If so, maybe the Engineering mark represents a wormhole (not necessarily a bad one, but the bending of space time needed to enter warp). And the Sciences globe either represents scanners and the technology to make warp speed possible (or...possibly, it represents a planetary globe...as in "Strange New Worlds").

I think I read one time that even the Star Fleet arrowhead (the Enterprise arrowhead in TOS) had some significance--something like it showing the power curve needed to make the initial jump to warp speed or something....

EDIT: Ah..here it is. Good old Googlefu delivers...

"In a novelization it is explained that the symbol represents one side mass (one side) vs. the required amount of energy to move that mass (as speed increases as does the energy required to infinity). The bottom curvature represents how warp drive creates a bridge (or shortcut) between these two constants."

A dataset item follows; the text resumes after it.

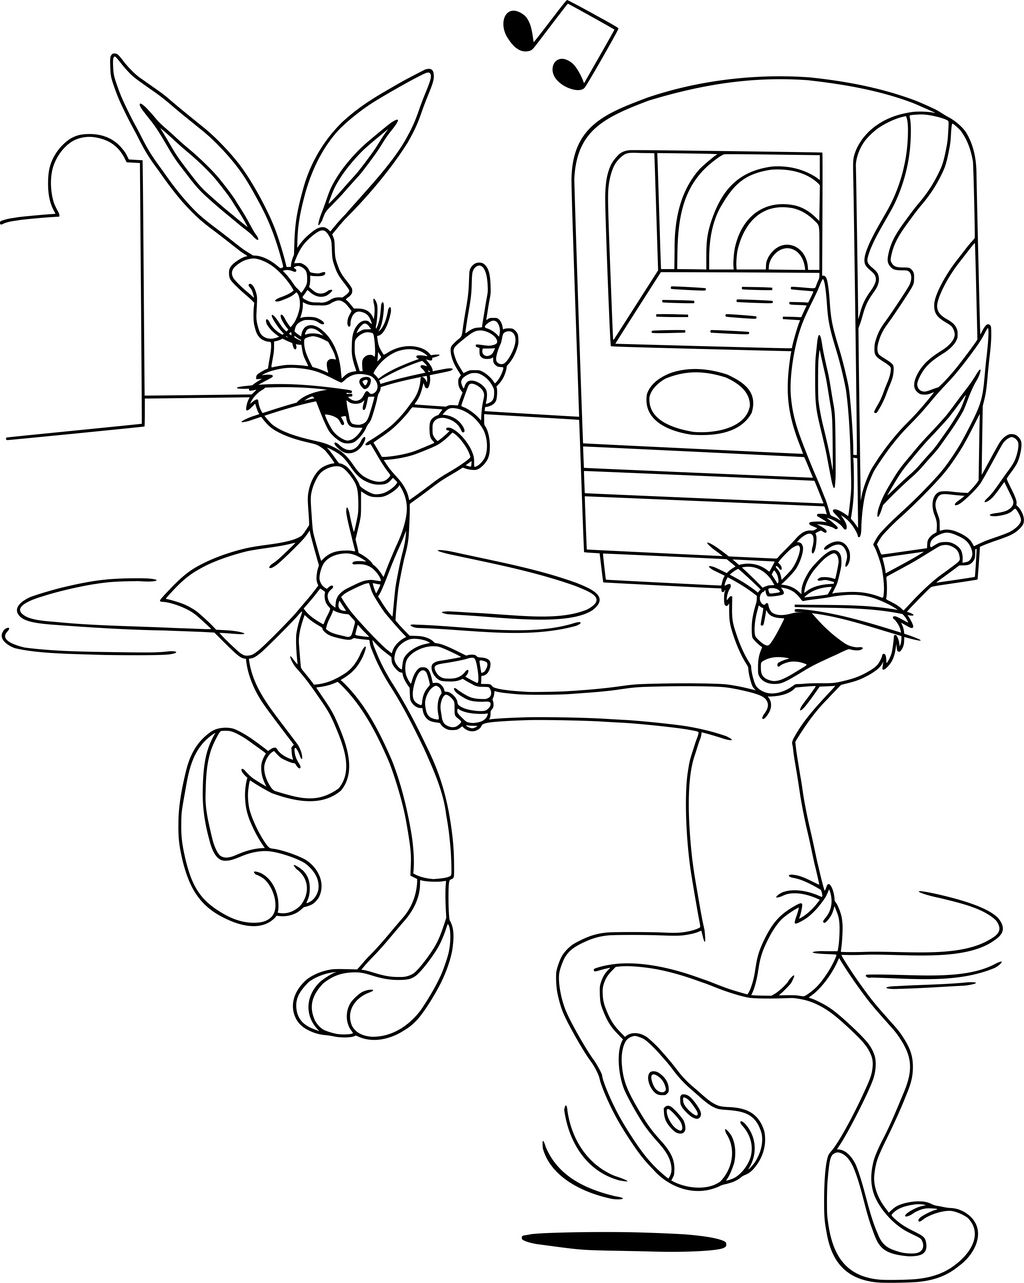 Bugs Bunny and Honey Bunny dancing by HoneyBunnyWB on DeviantArt
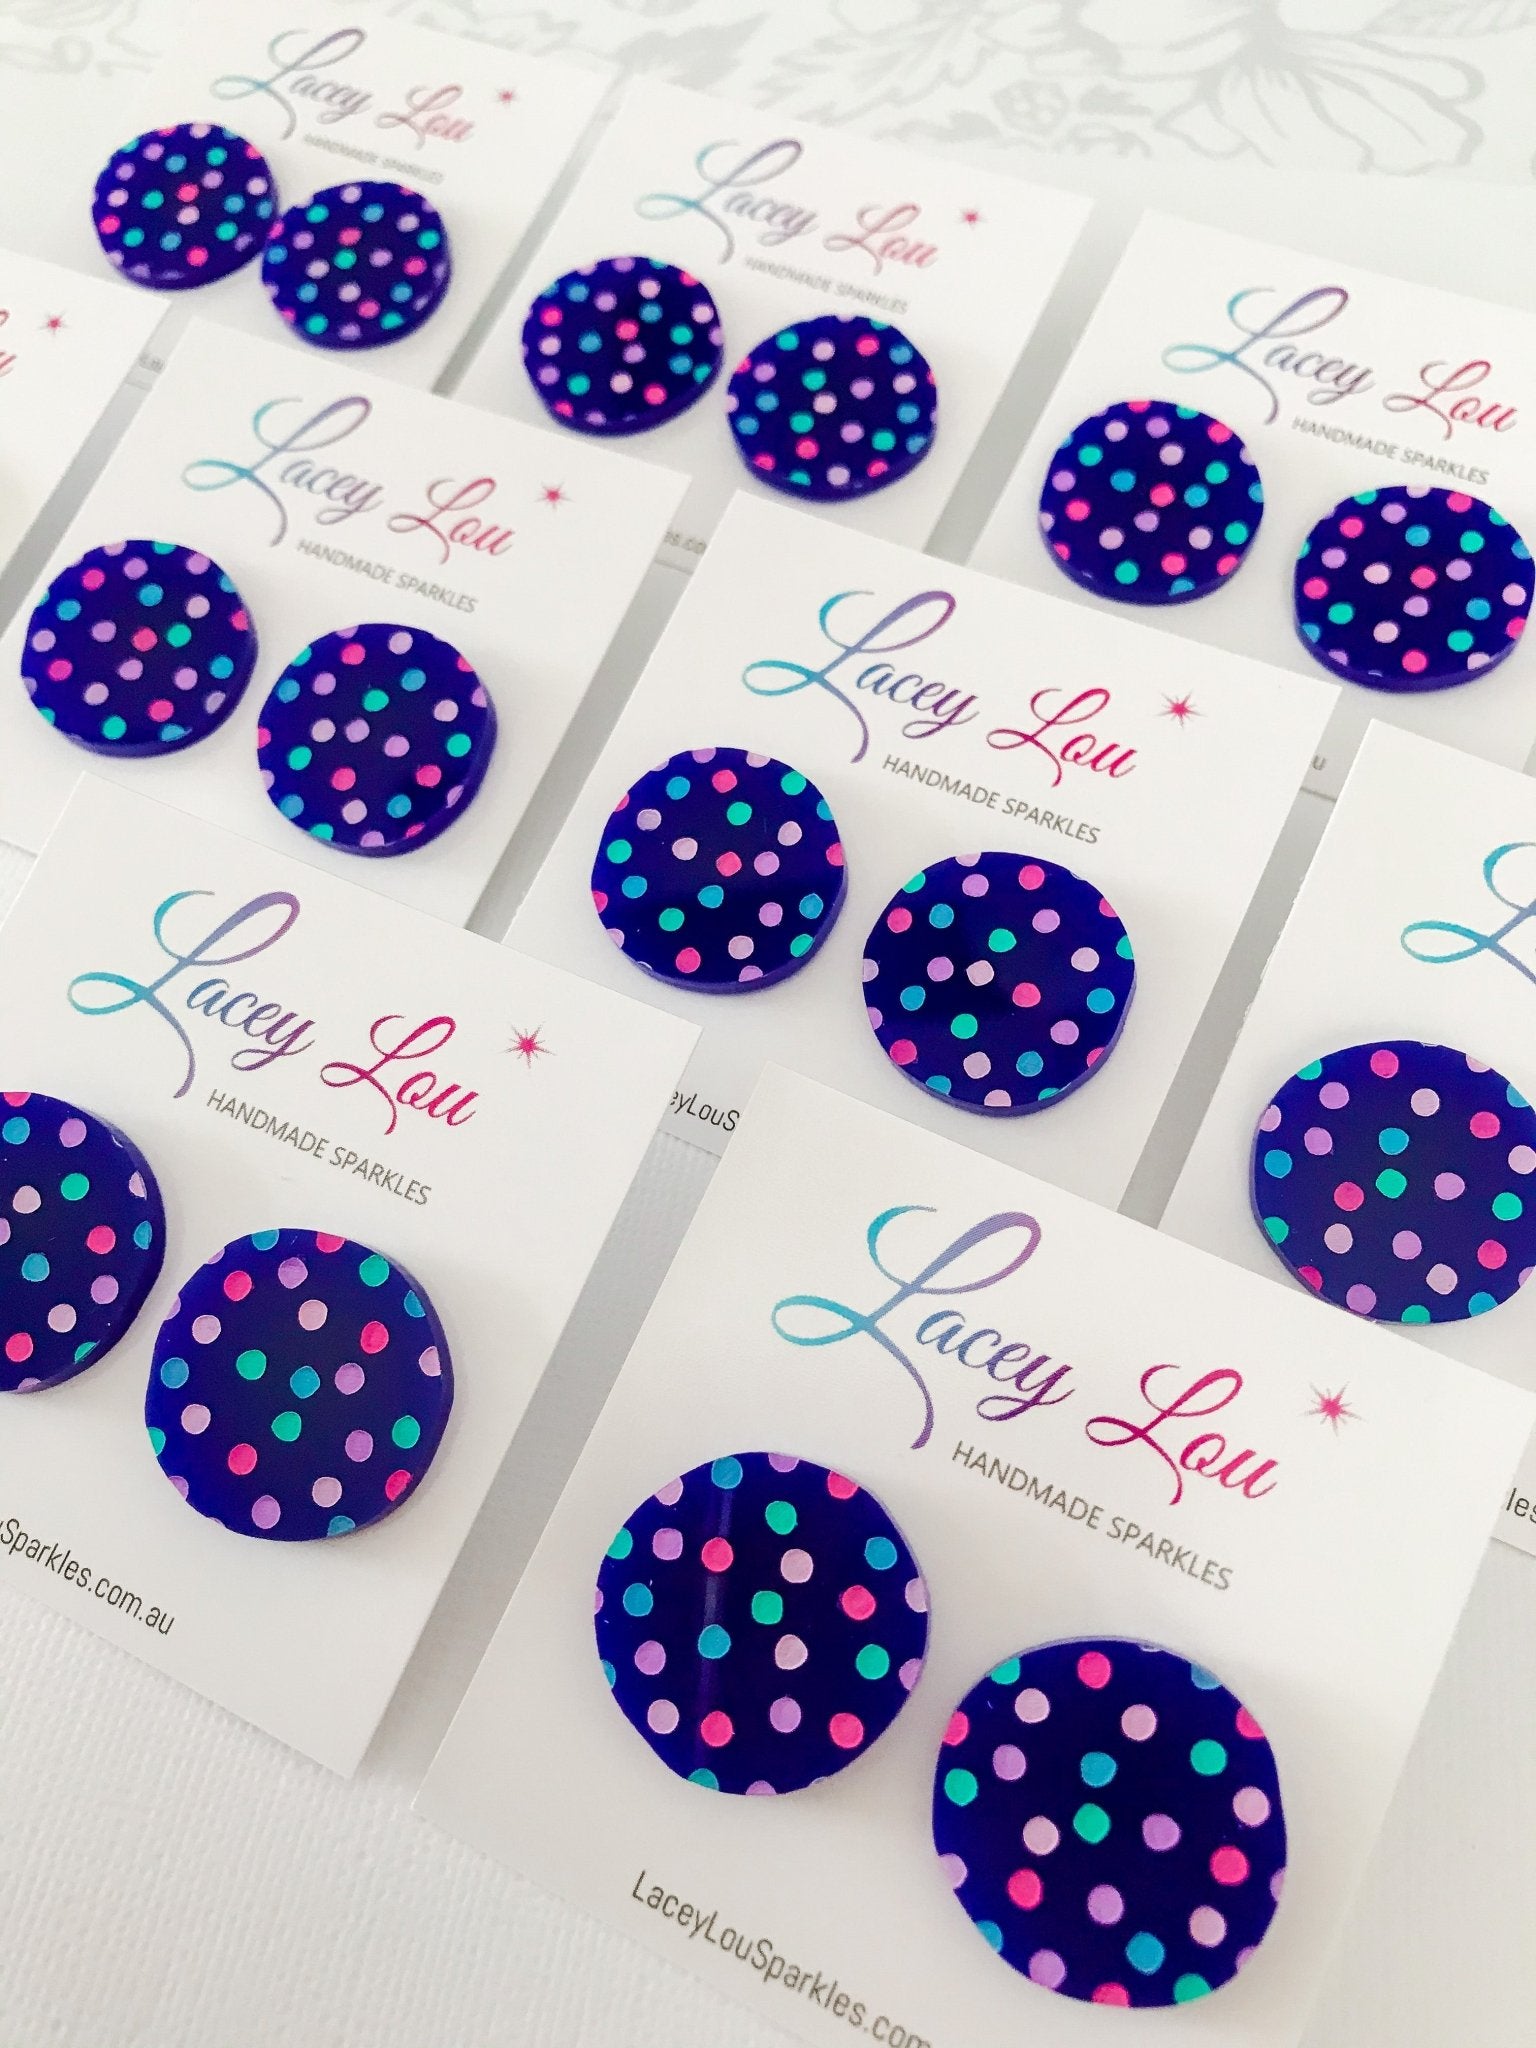 Navy Blue Dotty Acrylic Studs - Bright Dots - Lacey Lou Sparkles

If this is true, then it's probable that the other assignment insignias also "mean something" and are not just adopted shapes. It would be interesting to speculate. The Cortez, above, is a science vessel. Maybe that shape is a ringed planet, like Saturn. Maybe Saturn is the Cortez's home port? Or, maybe it's another scanner shape, meaning the detection of....??? Maybe it represents a galaxy--it certainly looks like one if you look at the galaxy from the rim inward. Lots of ideas.

The Exeter's badge, from an episode of TOS, reminds me of the transporter...mabye it has somethign to do with that.  

And that engineering department insignia above in red?  I look at it and think of Newton's Third Law of Motion:  To every action there is always an equal and opposite reaction.  I think it's the two triangles pointing at each other that makes me think of that.


----------



## Orius (Jan 2, 2013)

Water Bob said:


> Random Thoughts....
> 
> I sure an enjoying these remastered Trek episodes. Man, take a look at the Constellation after the Doomsday Machine got threw with her.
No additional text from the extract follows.